Written by Subject: Economy - Economics USA

The S&A Digest
 
 
Goldsmith comment: Last week, President Obama agreed to extend the Bush administration's tax cuts for two years. He also decreased the estate tax to 35% from 55% (effective January 1, 2011). So, while the government is ramping up its money spending, it's also limiting its ability to collect funds (After all... we know austerity measures aren't in the cards). What does this mean for our nation? None of it matters, according to Porter, because there's only one way for this situation to end. Read on to find out how...

Sean Goldsmith: At this point, most people expect the government to raise taxes because we know they're not going to cut spending. But recently, we see they're actually going to extend Bush's tax cuts for two more years, and they're actually making the estate-tax more lax. So we have less money coming in the door. Meanwhile, we're still printing tons and tons of cash. It just seems like a downward spiral.

Porter Stansberry: Well, it is a democracy, and there is no interest group that's going to organize to have less government benefits and higher taxes. So this is the way democracies always go, and this is why creditors shouldn't lend money to democracies. You're guaranteed to get your face ripped off because no one's going to ever pay back these debts. It's just a fact.
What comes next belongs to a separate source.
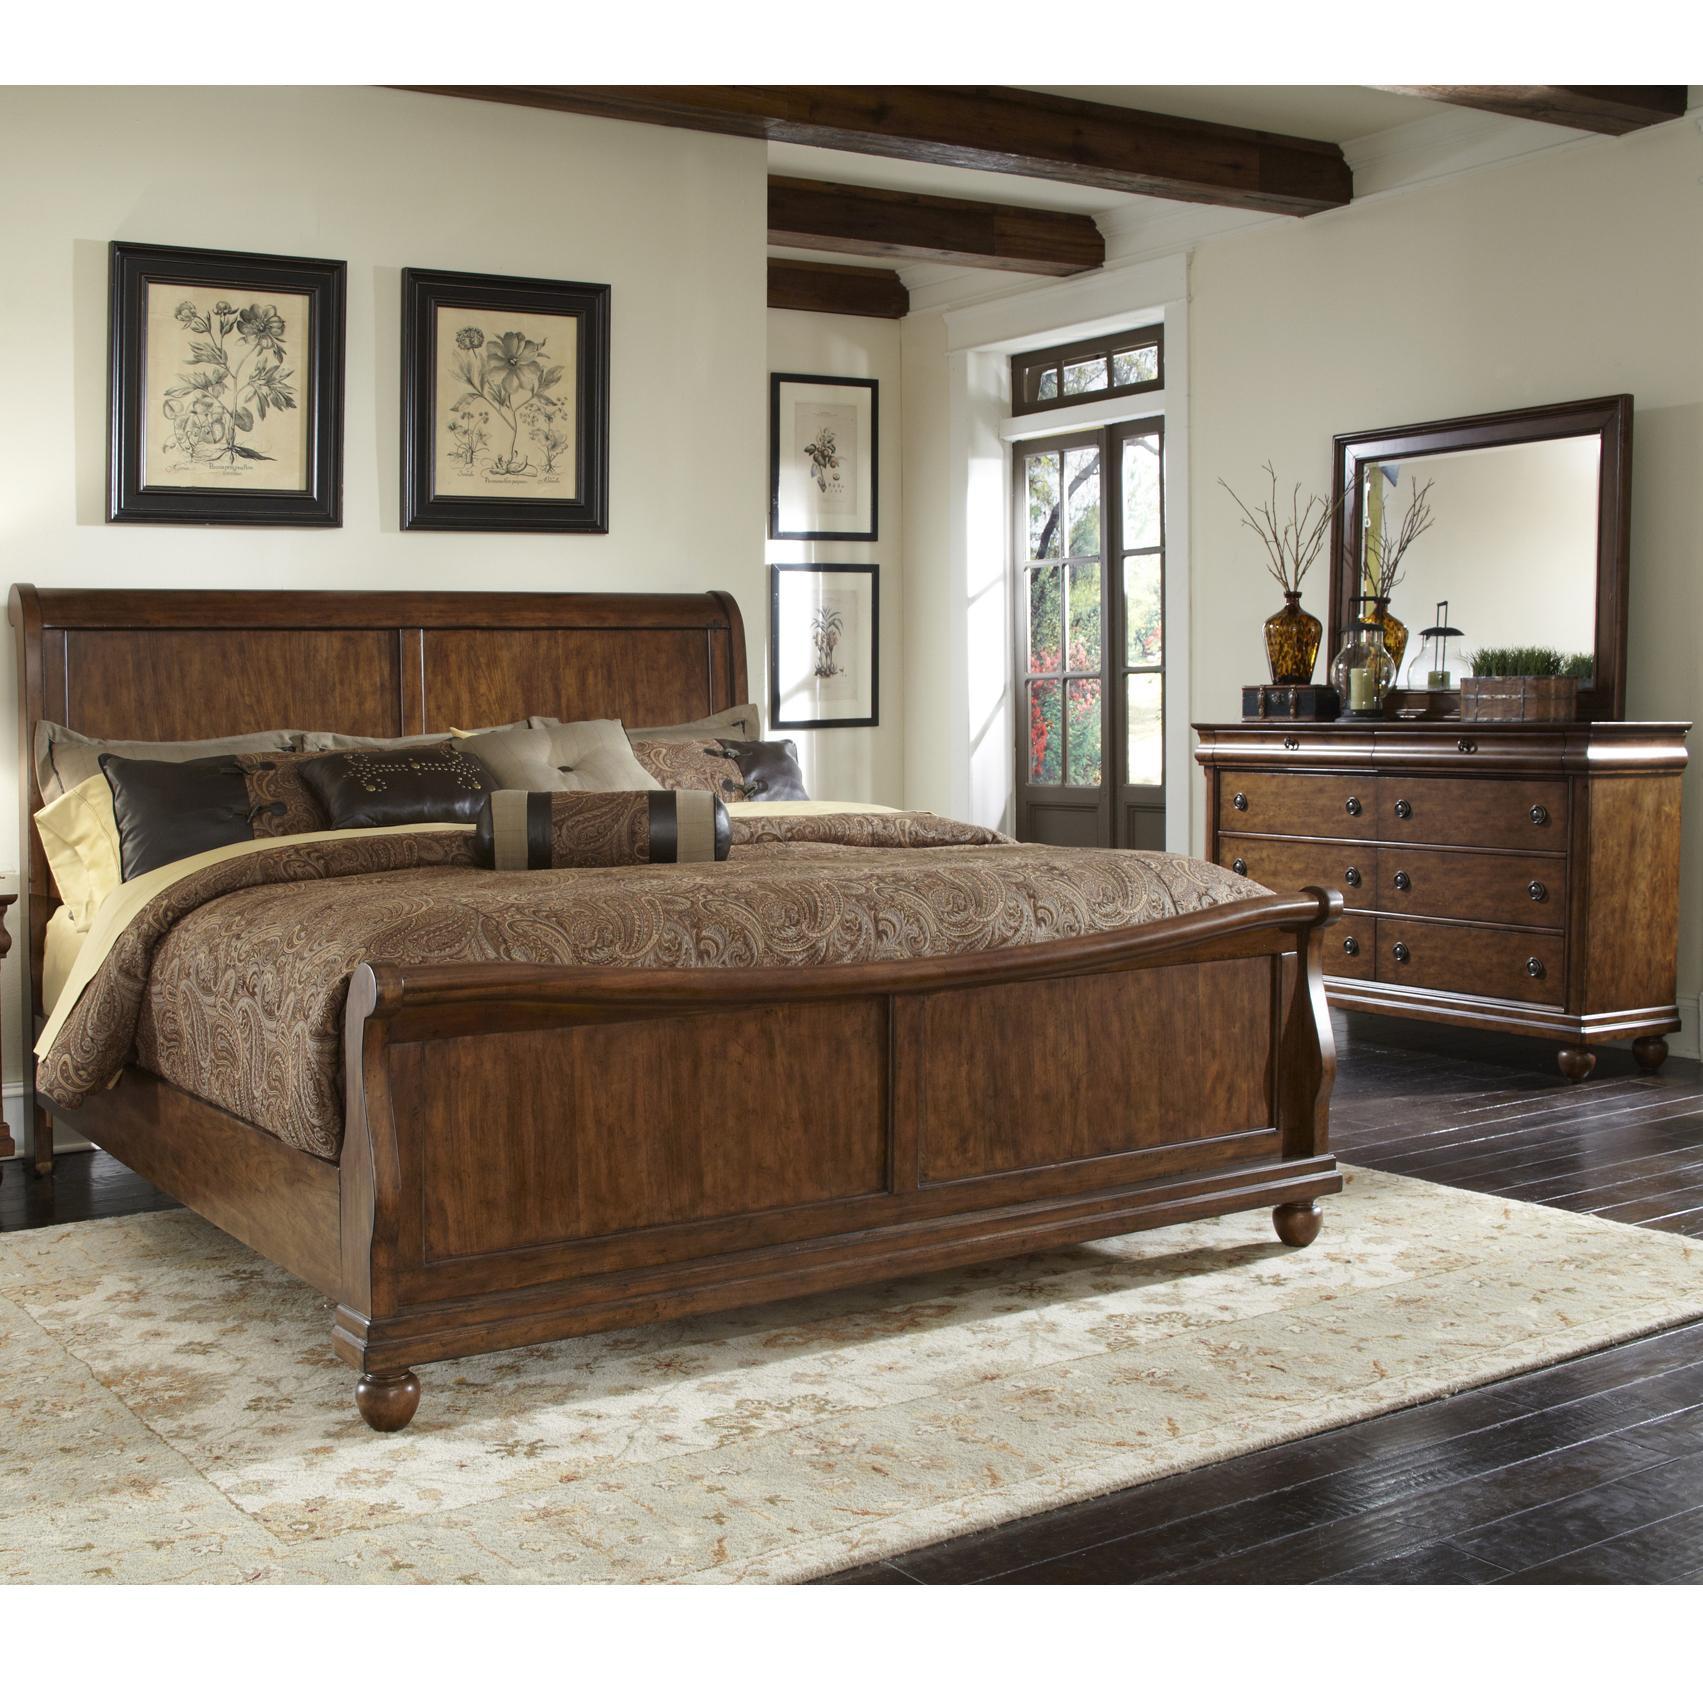 Sarah Randolph Designs Rustic Traditions Queen Bedroom Group 1

So if we're not going to pay them back anyway, why are we going through the charade of this massive inflation? Why don't we just have a real default, reorganize the debts based on our ability to actually pay, and get our economy moving in the right direction again?

SG: It's political suicide.

PS: I don't think it necessarily is, but I'm certainly no political expert. I think the political suicide is the track we're on right now because we're heading into a complete collapse of the U.S. dollar and the U.S. economy. Think about the consequences.

SG: But that's political suicide for the next guys.

PS: Yes, it's a political suicide that we just kick the can down the road a little bit. But think about this: 40 million people in the United States are on food stamps, and if agricultural prices double or triple – and it's already underway – how are you going to feed all those people? So we're going to borrow more money to feed those people. If you borrow more money and print more money, inflation's going to get worse. So we will borrow and print more money.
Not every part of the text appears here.